— Что с тобой?
Голос заметно фальшивый. Уж спросила бы прямо «Ты где это, милок, так наклюкался?»
— И ведь в сам-деле пьяный. Уж не с этим ли? — Она сердито показала рукой на Яшкину избу. — О, господи! Дошел: До-ка-тил-ся!
— Ну, чего ты заедаешься? — Николай улыбался. Он знал, что улыбка только раздражает жену, не хотел улыбаться, старался не улыбаться и не получалось.
— И как тебе не стыдно?! Мама вон чуть жива. Я «скорую» вызывала. А он тут, вишь ли, нарадоваться не может. Пьянехонек в дымину.
— Ну, елки-палки, откуда я знаю, что с ней.
— Сходить надо было! Он не знает. Он, видите ли, ничего не знает, зараза несчастная!
— Да ты чего лаешься-то? — Николай тоже начал сердиться.
— Ах ты, паразит!
— Да ты чего обзываешься?
— Тебя не обзывать, а лупить надо. И гнать из дому помелом поганым.

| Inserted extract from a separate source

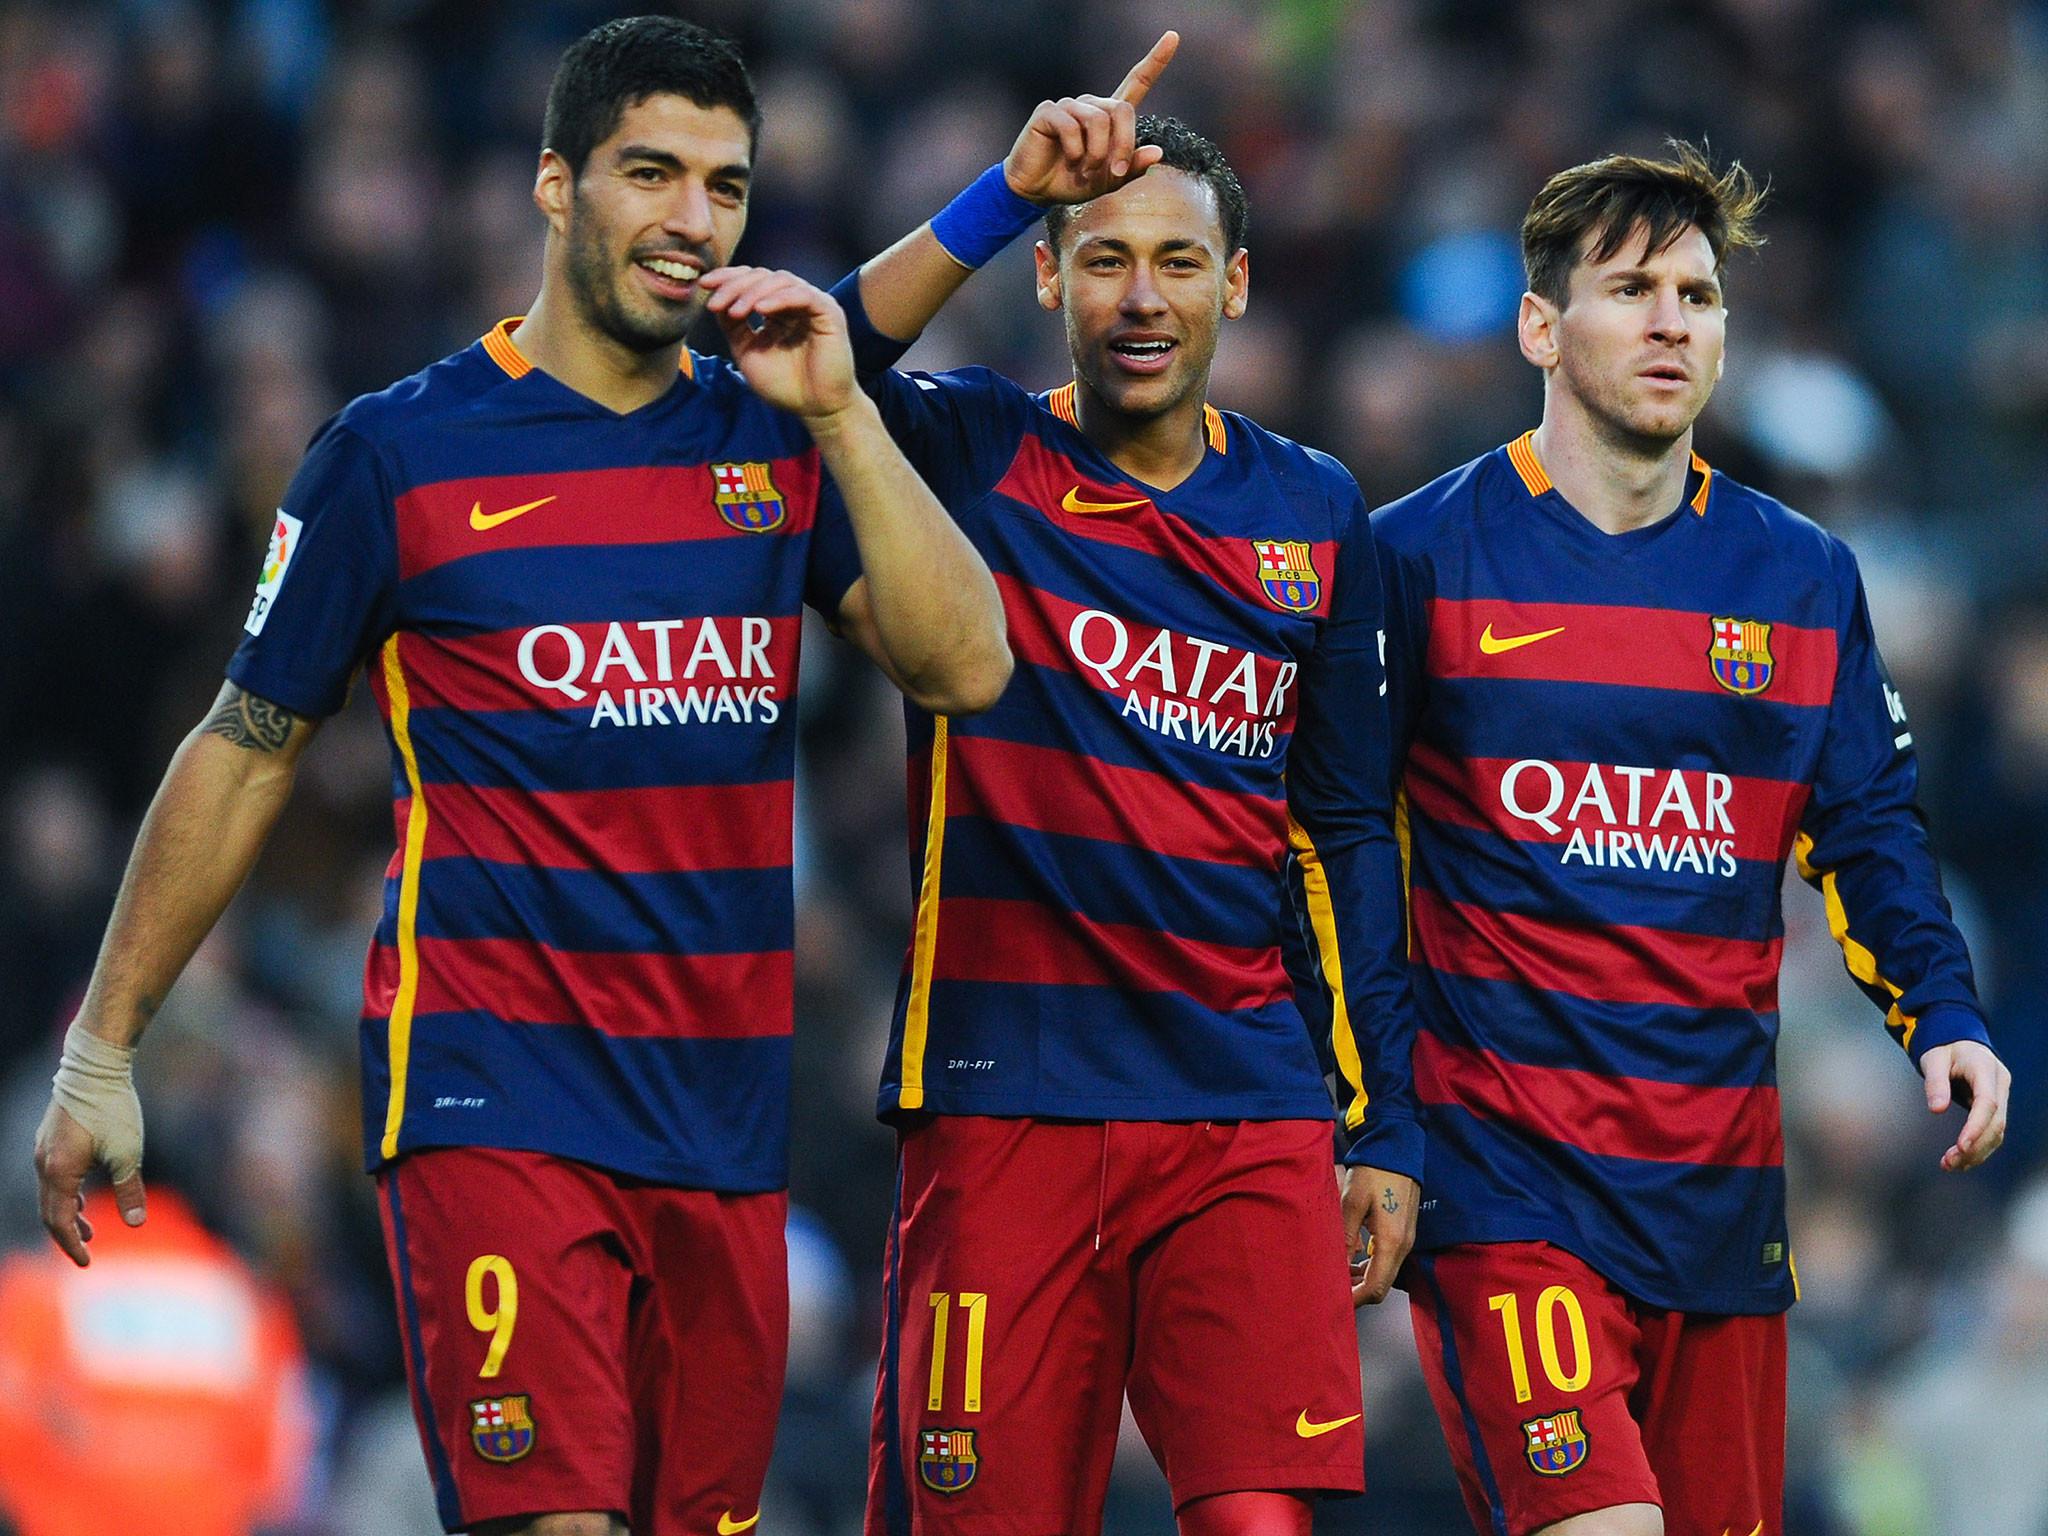 "Messi and Neymar want Suarez on Ballon d'Or shortlist, not Ronaldo. """

Сруб избы ставил еще в тридцатые годы отец Нади для своего старшего сына, который потом погиб на фронте. Но сруб есть сруб, кроме сруба нужны еще пол, потолок, крыша, рамы, двери и многое другое. И все это приходилось делать уже Николаю. Вместе с плотниками. Потом он амбарушку, хлев, сарайчик и ворота ставил. Но жена тем не менее иногда намекала, что сруб все же тестев. И получалось, что вроде бы и все подворье тестево. Слова «гнать из дому помелом поганым» совсем рассердили Сенина, и он грубо сказал:
— Ну уж это извини-подвинься!
Слова «извини-подвинься», а может быть, и тон, которым они были произнесены, в свою очередь, окончательно рассердили Надю, и она, раскрыв калитку, стала изо всей мочи толкать Николая во двор.
— Я те извиню, сатана несчастная! Налил шары-то и шарашится.
Он молча отбросил ее руку, но она снова и снова толкала его; тогда Николай резким взмахом руки отшвырнул жену, и та чуть-чуть не упала. Это уже слишком. В нем сейчас было злости на десятерых, и он казался сам себе таким смелым, таким решительным, таким… Она пнула его. Пнула и отскочила, сказав:
— Иди, говорю!
Он повернулся к ней; в его глазах было столько недоброй силы и ненависти, что Надя отшатнулась:
— Ой, господи, рехнулся мужик!
Больница на окраине города, окна палаты глядят на пустырь с нелепо кривыми оврагами, заросший чертополохом, заваленный мусором, и вся эта унылая картина тянется, наверное, километра на три, вплоть до леса, который ровненько темнеет у горизонта, и Сенин, стоя у окна, думает, что больницы, как и санатории, надо бы строить где-то на веселых местах, а то ведь больному и без того тошнехонько. В их белой палате восемь коек, поставленных так плотно, что непросто пройти в коридор. Рядом с Николаем лежит восьмидесятилетний старик, не то боязливый, не то стеснительный — не поймешь, бледный, иссохшийся — кожа да кости, с мутноватыми, уже потухшими глазами, кажется, дунь — и зашатается. Старичок ему нравился, с ним легко, и Николай был рад, что судьба подарила ему такого соседа.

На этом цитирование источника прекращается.